→ **REQUIRED ACTION**
Print the data exactly as written, but leave out each picture.

################

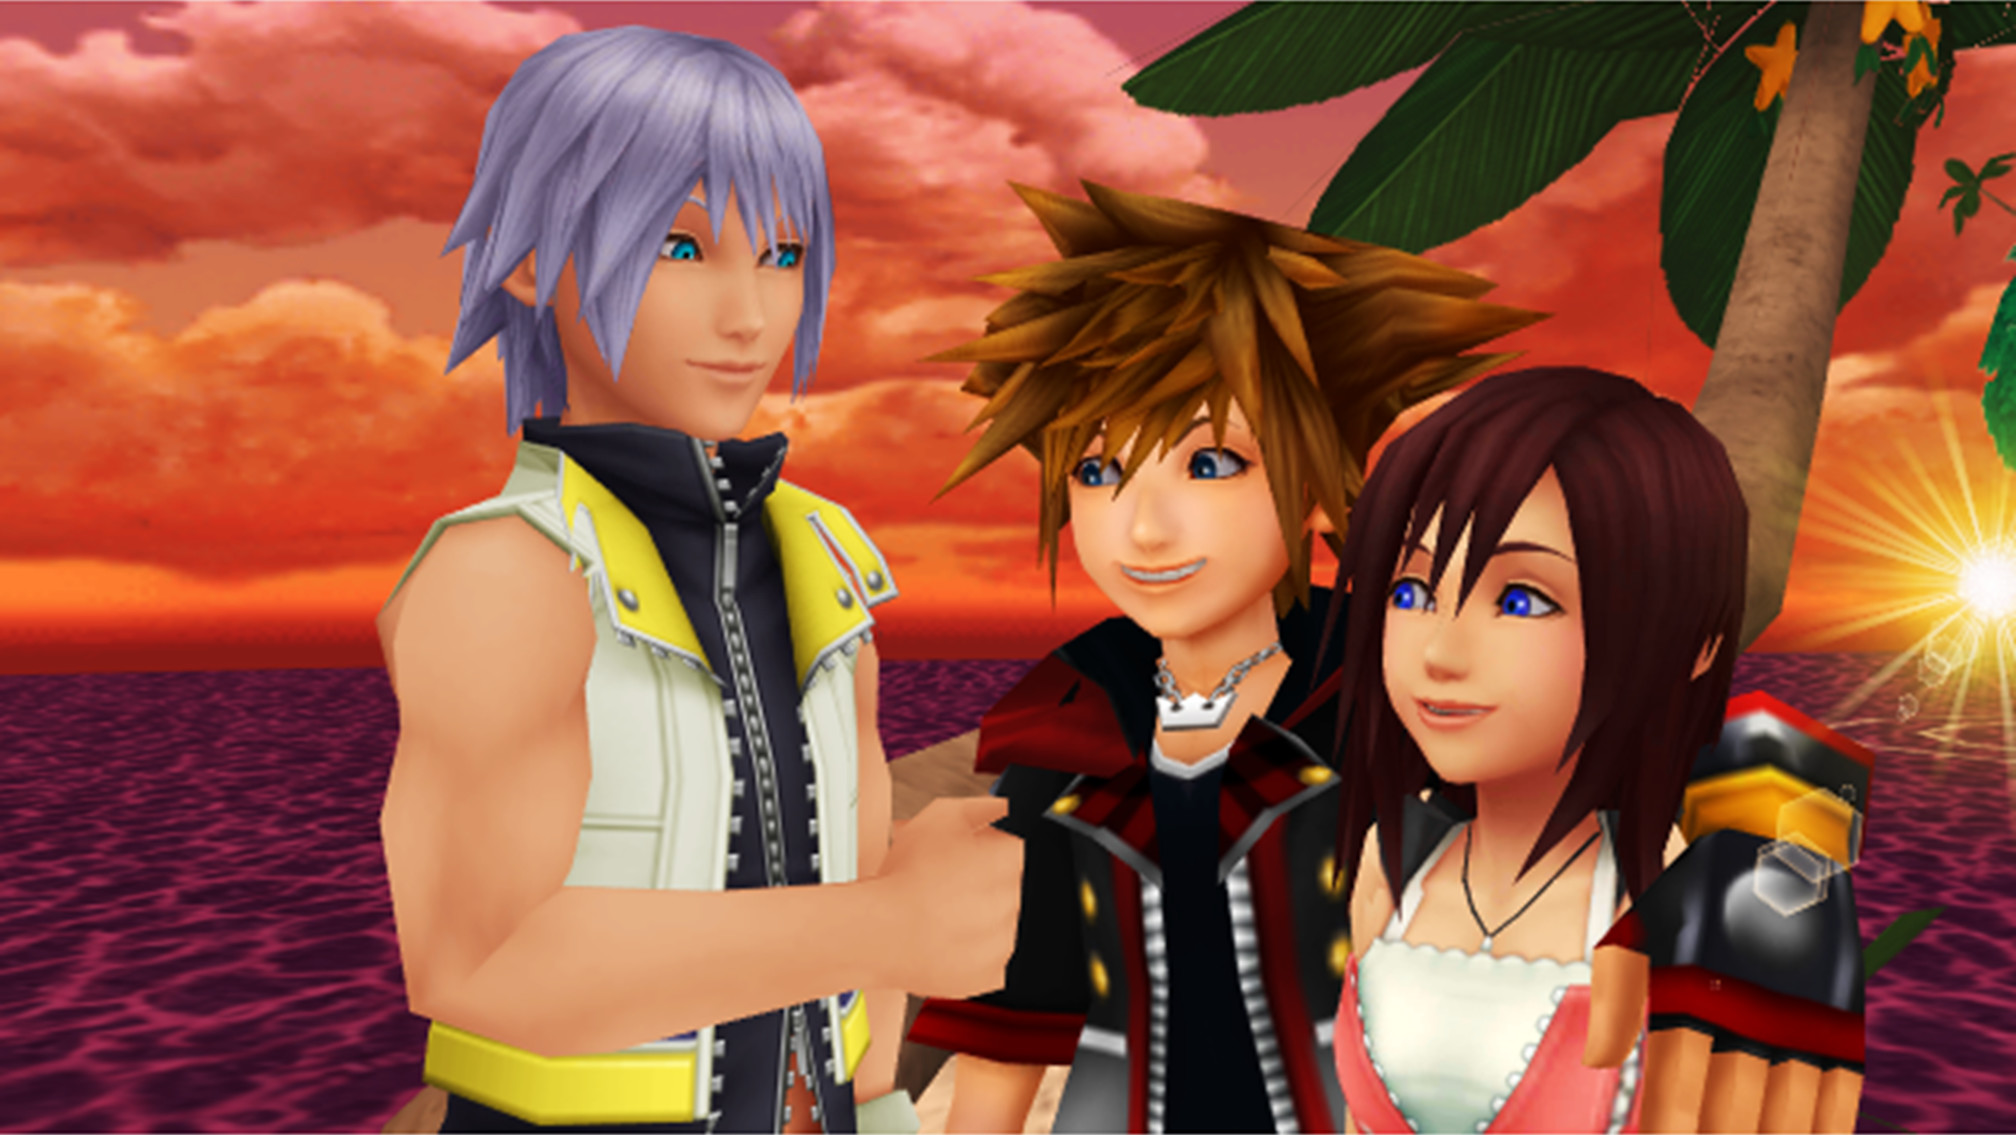 2016x1135 Kingdom Hearts trios images Sora Kairi and Riku are Best Freinds Forever.  HD wallpaper and background photos
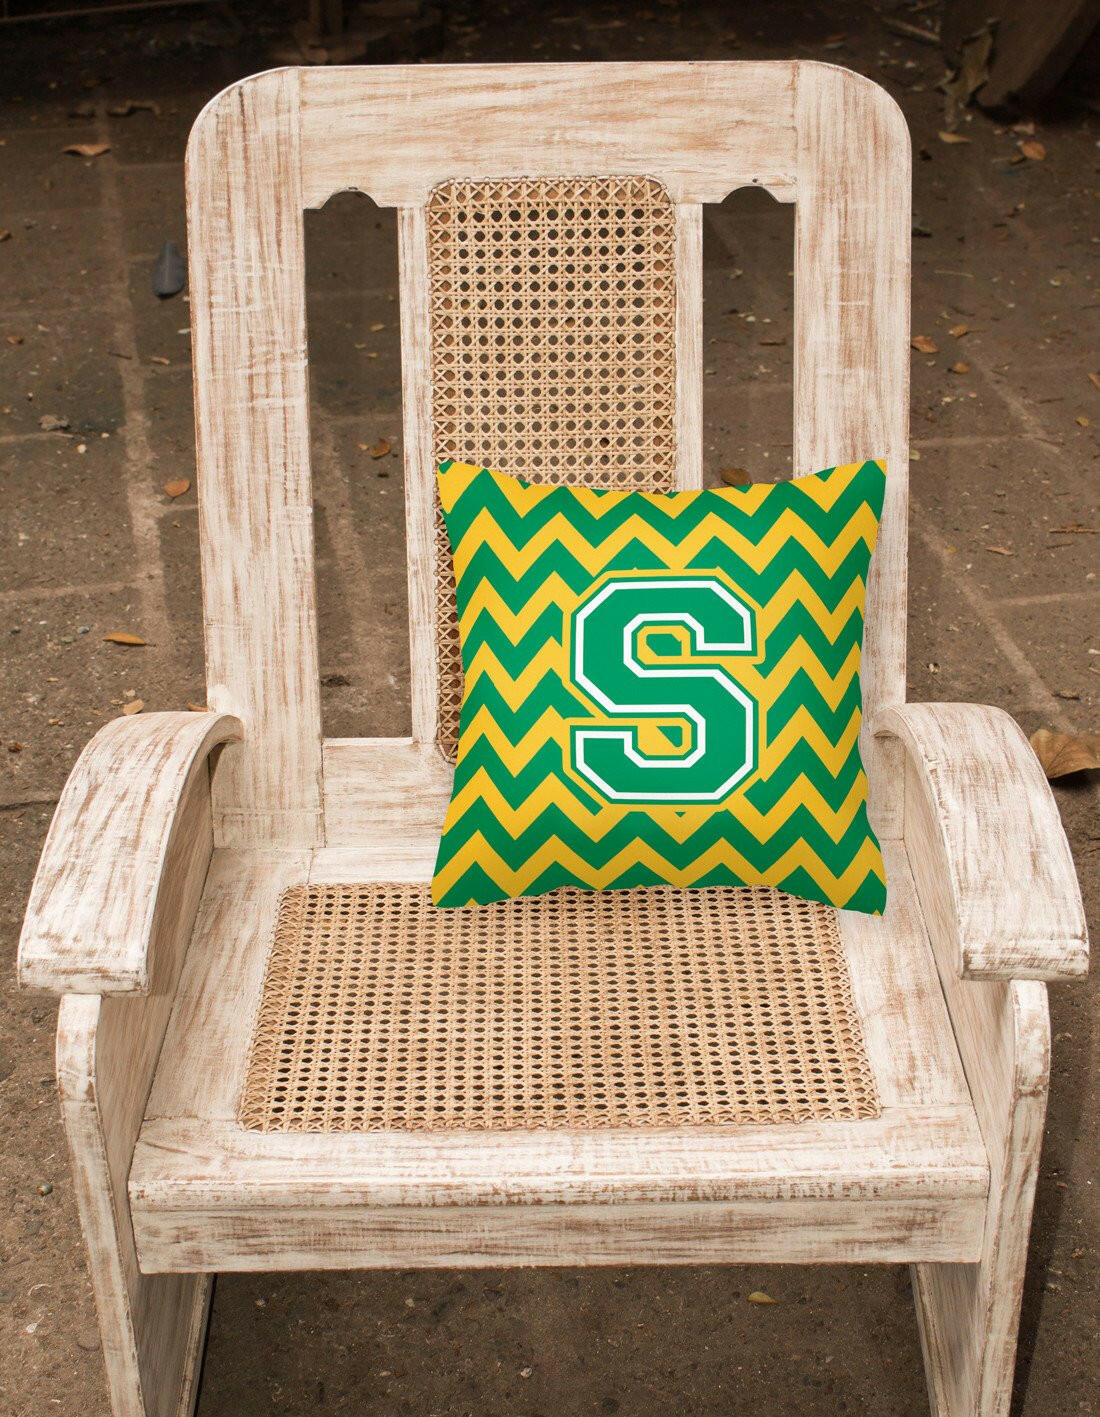 Letter S Chevron Green and Gold Fabric Decorative Pillow CJ1059-SPW1414 by Caroline's Treasures
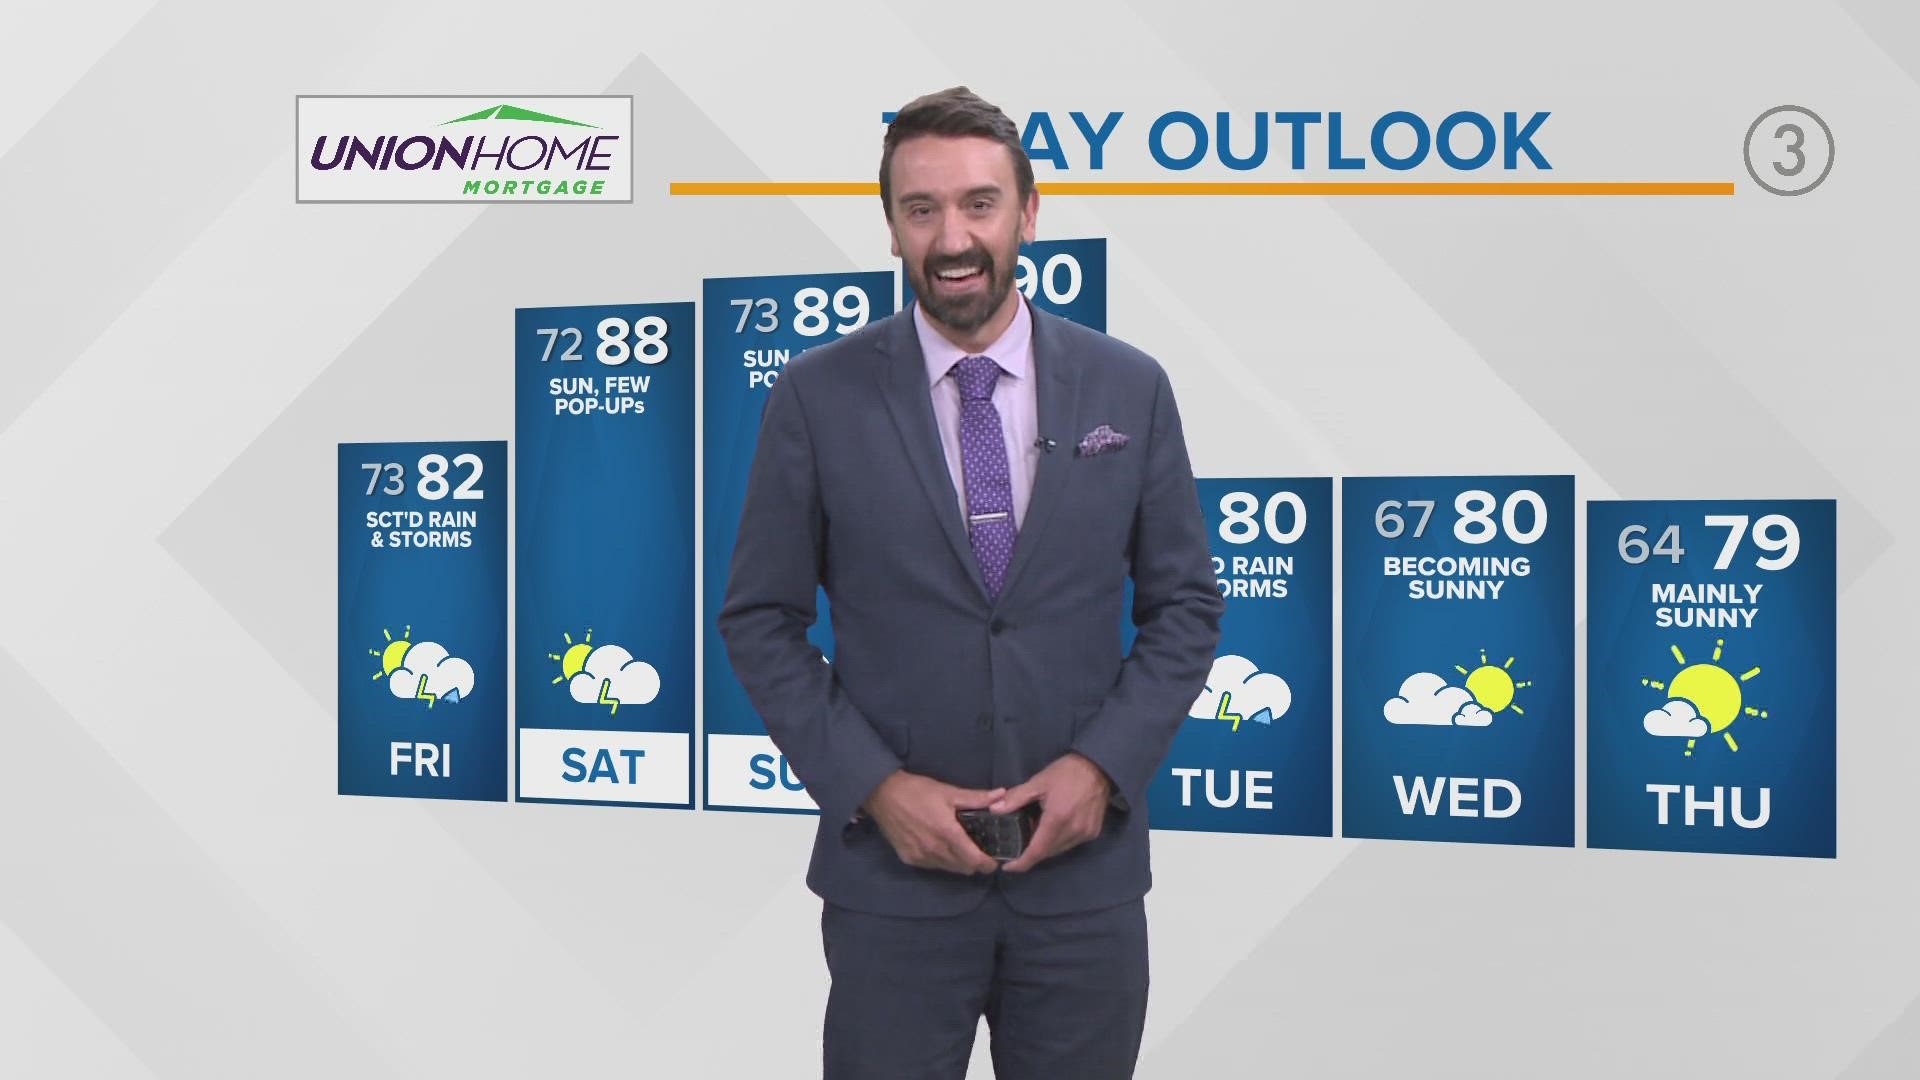 Turn your ACs on, Northeast Ohioans: heat and humidity are high across the region. 3News Meteorologist Matt Wintz has today's weather forecast.
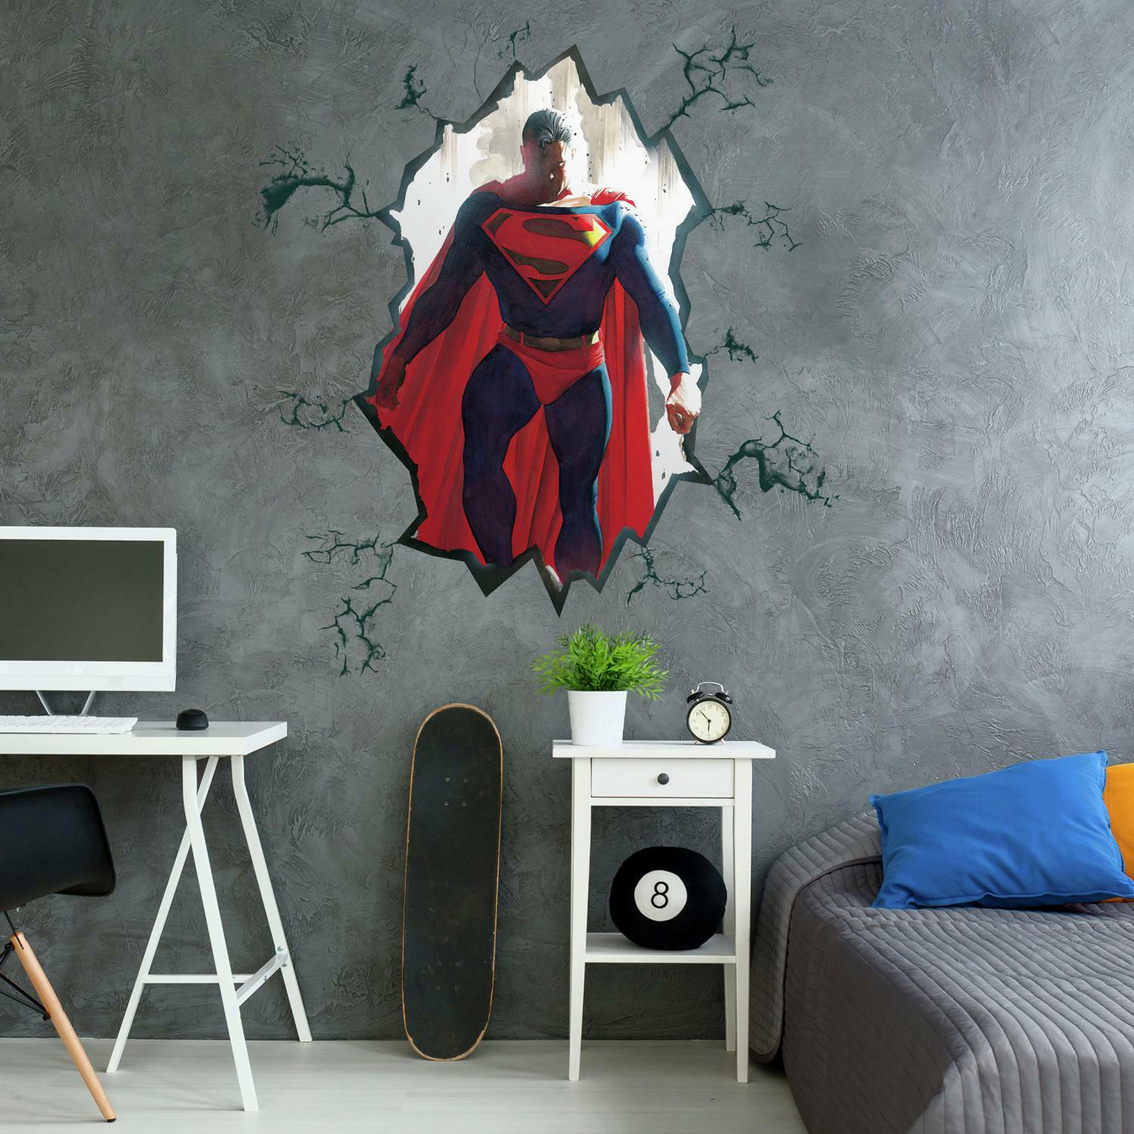 RoomMates Alex Ross Superman Cracked Peel and Stick Giant Wall Decal - Image 2 of 5
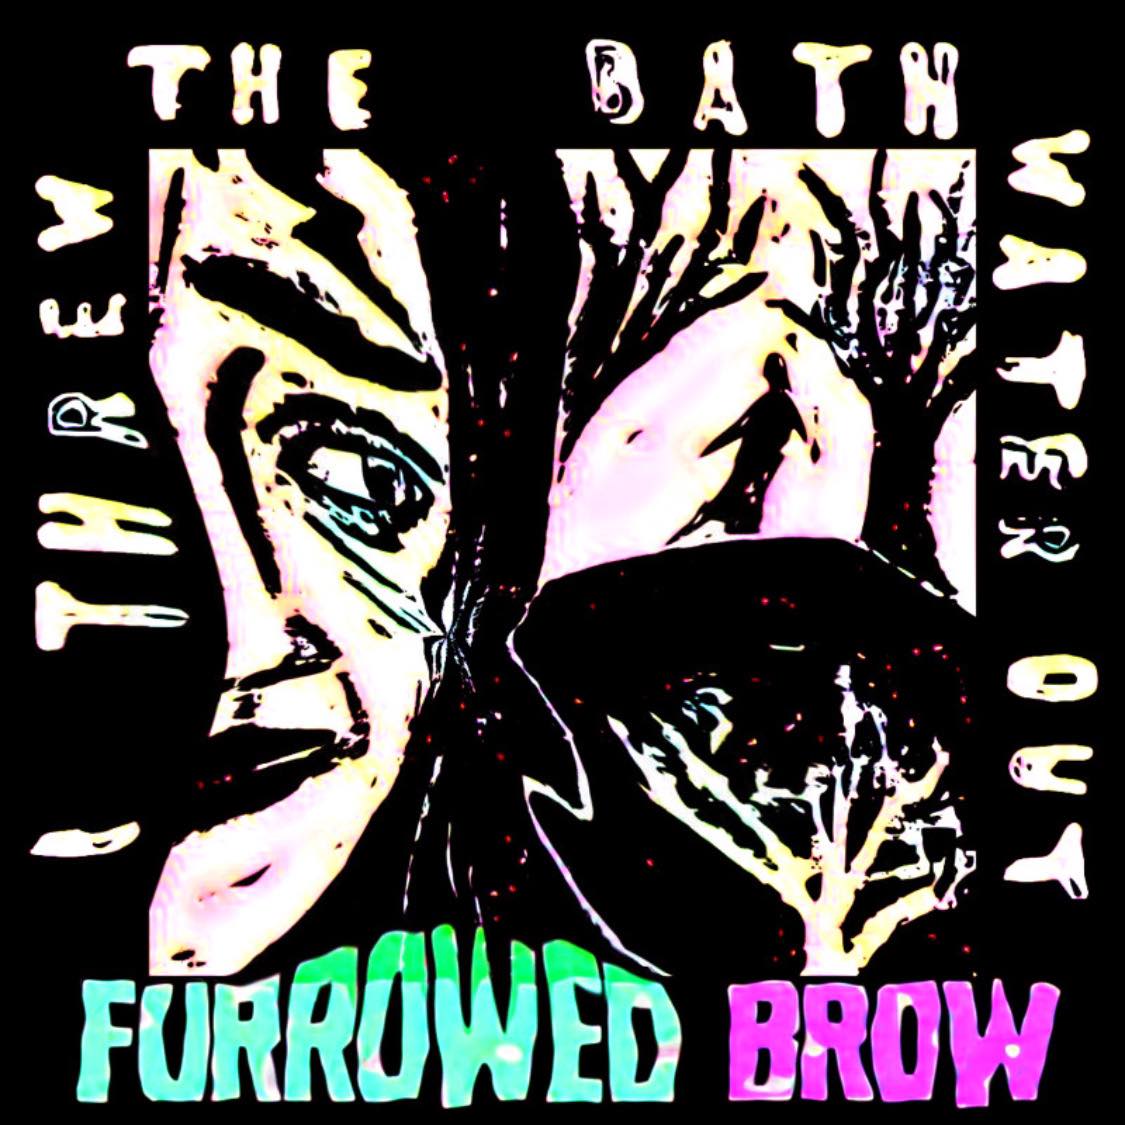 New single I THREW THE BATHWATER OUT Out today open.spotify.com/track/7fLml7gn…

################

→ **TASK SOLUTION**
 2016x1135 Kingdom Hearts trios images Sora Kairi and Riku are Best Freinds Forever.  HD wallpaper and background photos
 Letter S Chevron Green and Gold Fabric Decorative Pillow CJ1059-SPW1414 by Caroline's Treasures
 Turn your ACs on, Northeast Ohioans: heat and humidity are high across the region. 3News Meteorologist Matt Wintz has today's weather forecast.
 RoomMates Alex Ross Superman Cracked Peel and Stick Giant Wall Decal - Image 2 of 5
 New single I THREW THE BATHWATER OUT Out today open.spotify.com/track/7fLml7gn…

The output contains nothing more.